TPST Kutim Dikaji, 220 Ton Sampah per Hari Jadi Alarm Serius Lingkungan

Berita

HALOBERAU, KUTIM – Pemerintah Kabupaten Kutai Timur (Kutim) terus mematangkan langkah strategis dalam menangani persoalan sampah yang kian kompleks.

Salah satunya melalui pelaksanaan Focus Group Discussion (FGD) Kajian Kelayakan Teknis, Ekonomi, dan Lingkungan untuk rencana pembangunan Tempat Pengelolaan Sampah Terpadu (TPST).

Kegiatan yang digelar di Hotel Victoria Sangatta, Rabu (12/11/2025), ini menghadirkan berbagai pemangku kepentingan, mulai dari perangkat daerah, kalangan akademisi, pelaku usaha, hingga perwakilan masyarakat.

Forum ini dirancang sebagai ruang bersama untuk menyusun arah kebijakan pengelolaan sampah yang lebih terukur dan terpadu.

Asisten II Bidang Ekonomi dan Pembangunan Setkab Kutim, Noviari Noor, yang berkesempatan membuka kegiatan, menegaskan bahwa penanganan sampah tidak bisa hanya dibebankan kepada pemerintah semata.

“Penanganan sampah membutuhkan kerja bersama.
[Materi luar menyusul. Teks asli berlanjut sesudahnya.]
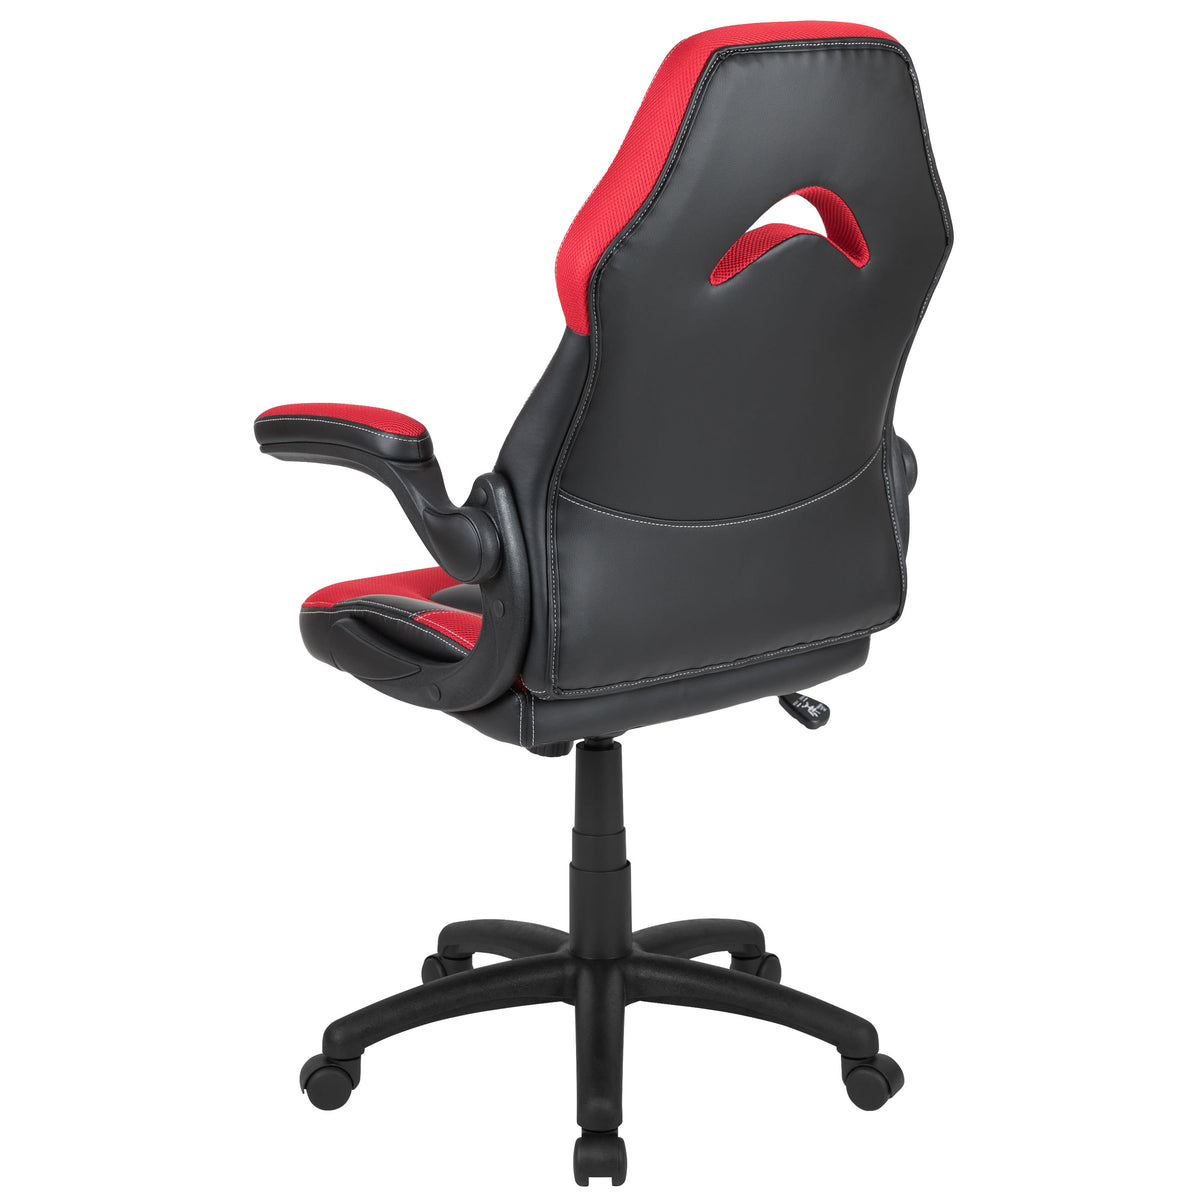 Red |#| Ergonomic Red and Black Computer Gaming Chair with Padded Flip-Up Arms

Pemerintah, masyarakat, dunia usaha, dan akademisi harus berada dalam satu barisan untuk membangun sistem pengelolaan yang efektif dan berkelanjutan,” ujar Noviari.

Ia menjelaskan, FGD ini bukan sekadar agenda seremonial, melainkan langkah penting dalam menyiapkan landasan kebijakan pembangunan TPST di Kutim.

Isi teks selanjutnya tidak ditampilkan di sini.